12-07 "On The Road" with Luke Bogacki
I’m going to kick this column off with the two words I’ve used to start every season-ending column for the past 7 years: It’s Over!!! I know, it’s mid-December, and it’s been over for awhile. But hey, I’ve been busy. Okay, maybe I’m just lazy. At any rate, here’s some material for your next trip to the commode from the months of October and November.
I left off last column after running my buddy Adam Davis in an epic 15-second final round at Middle Tennessee Dragway at their annual footbrake race. The following weekend I headed to Bowling Green, KY for the final Tenn-Tuck event of the 2007 season. That race was my debut with a Bullet Motorsports/Huntsville Engine 632 between the framerails of my CSR Performance Products American dragster. Basically, I wanted to step up the program for the winter series in Florida (I ran 7.60’s in Florida last year, and at Atco this summer--my only quarter mile event of the season, and frankly I got sick of looking over my shoulder all week), and as usual Mike Dzurilla and Jason Lynch at Bullet Motorsports came to the rescue.
The first day at Bowling Green brought my first 4.6 second timeslip (at least in my own car--I’m pretty sure I’ve been 4.50-something before in other whips), and basically an expensive test session. I had a lot of chassis setup issues that were never really brought to light until I got some power in the pipes, and it took me (with the assistance of Jason Lynch) a day or two to get things sorted out. Saturday was better, as I went a couple rounds in both the main event and the little bucks race, and really felt competitive. In fact, all this whole experiment is going to do is cost me a bunch of money. In seven laps in the daylight, I was on a 4.64 every run: with the 330’ times varying just .002! I never realized you could make something that fast run that consistent!

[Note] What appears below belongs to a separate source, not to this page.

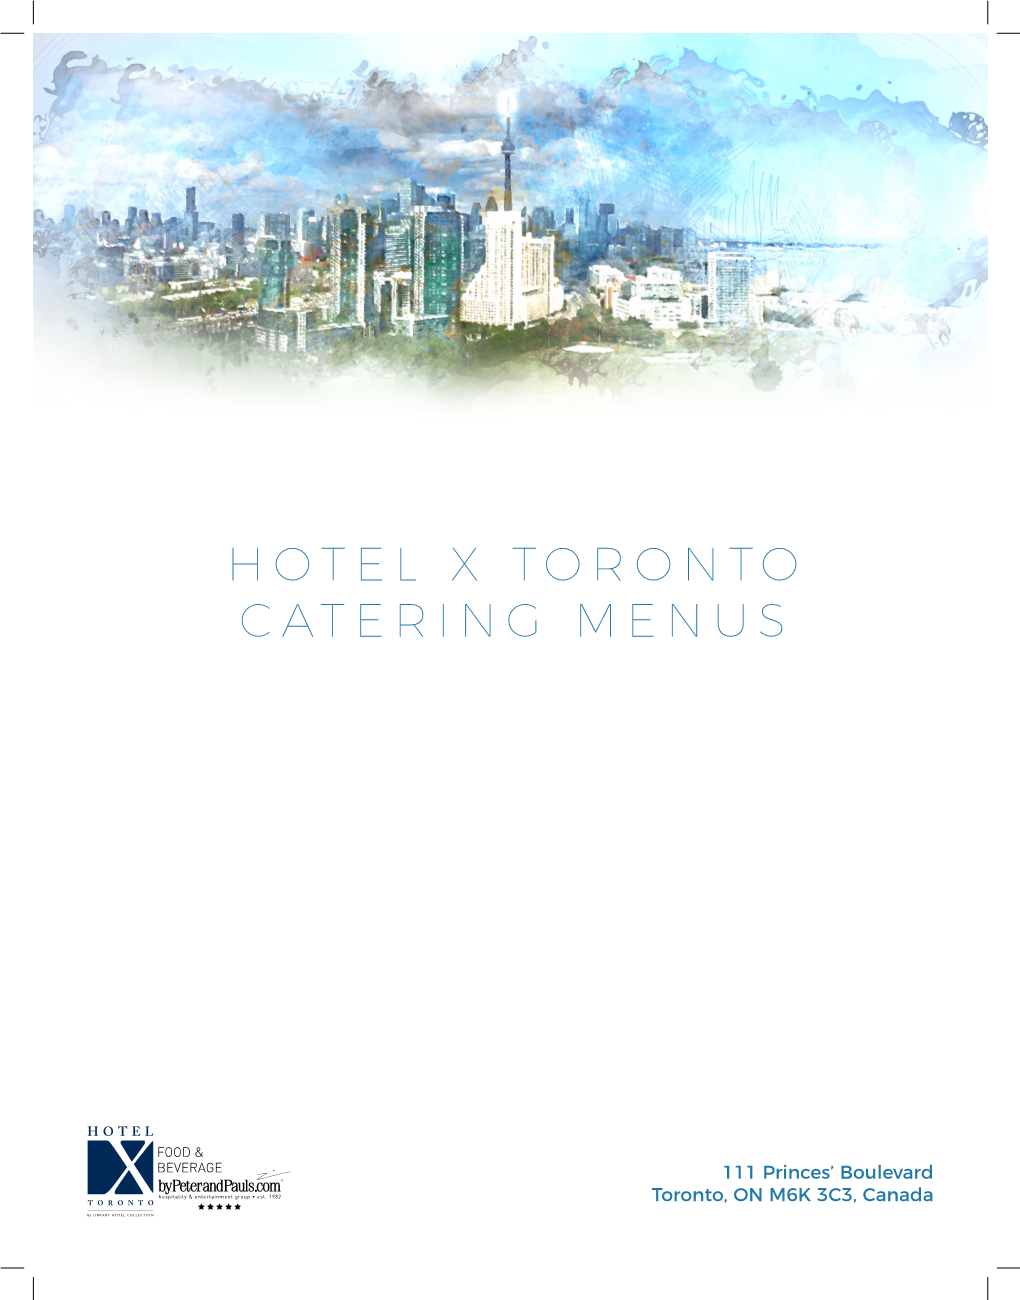 Hotel X Toronto Catering Menus
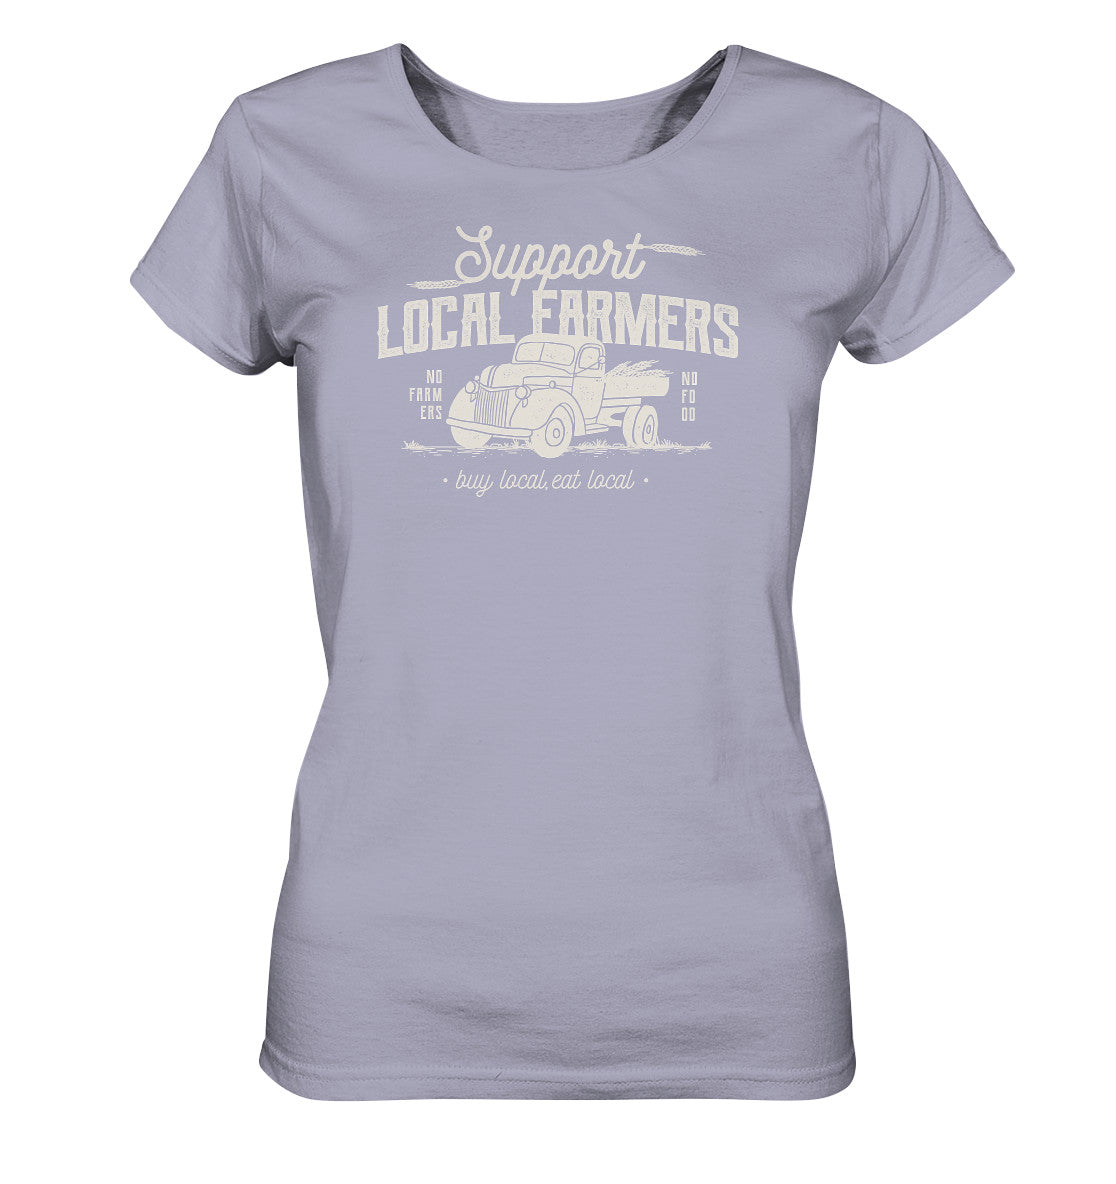 Support local Farmers. Retro Shirt Landwirt. No Farmers no food. Dorfkram® lavendel lila

Sunday, things got interesting... In the second round of the big race, the driveshaft yolk broke at the finish line in a winning effort. In retrospect, this was all my fault: in all of the suspension changes the day before, I had extended the four link bars and pulled the driveshaft too far out of the transmission--of course, at the time I didn’t know that...
At any rate, I get a tow back to the trailer and survey the damage. All things considered, it’s not too bad: The driveshaft is obviously destroyed, and what was left of the yolk was somewhere in the shut down area. It ripped one engine limiter completely in two, and left a couple dents in the driveshaft loop. The tailhousing cover on the transmission was also completely destroyed. I yank that tail cover off, to find that I could freely turn the output shaft (I was actually convinced that something was broke in the transmission until that point). So, in the heat of the moment, I decide that if I can get another driveshaft in it, I can make third round (it doesn‘t really dawn on me that I‘ll have the same problem with a new driveshaft).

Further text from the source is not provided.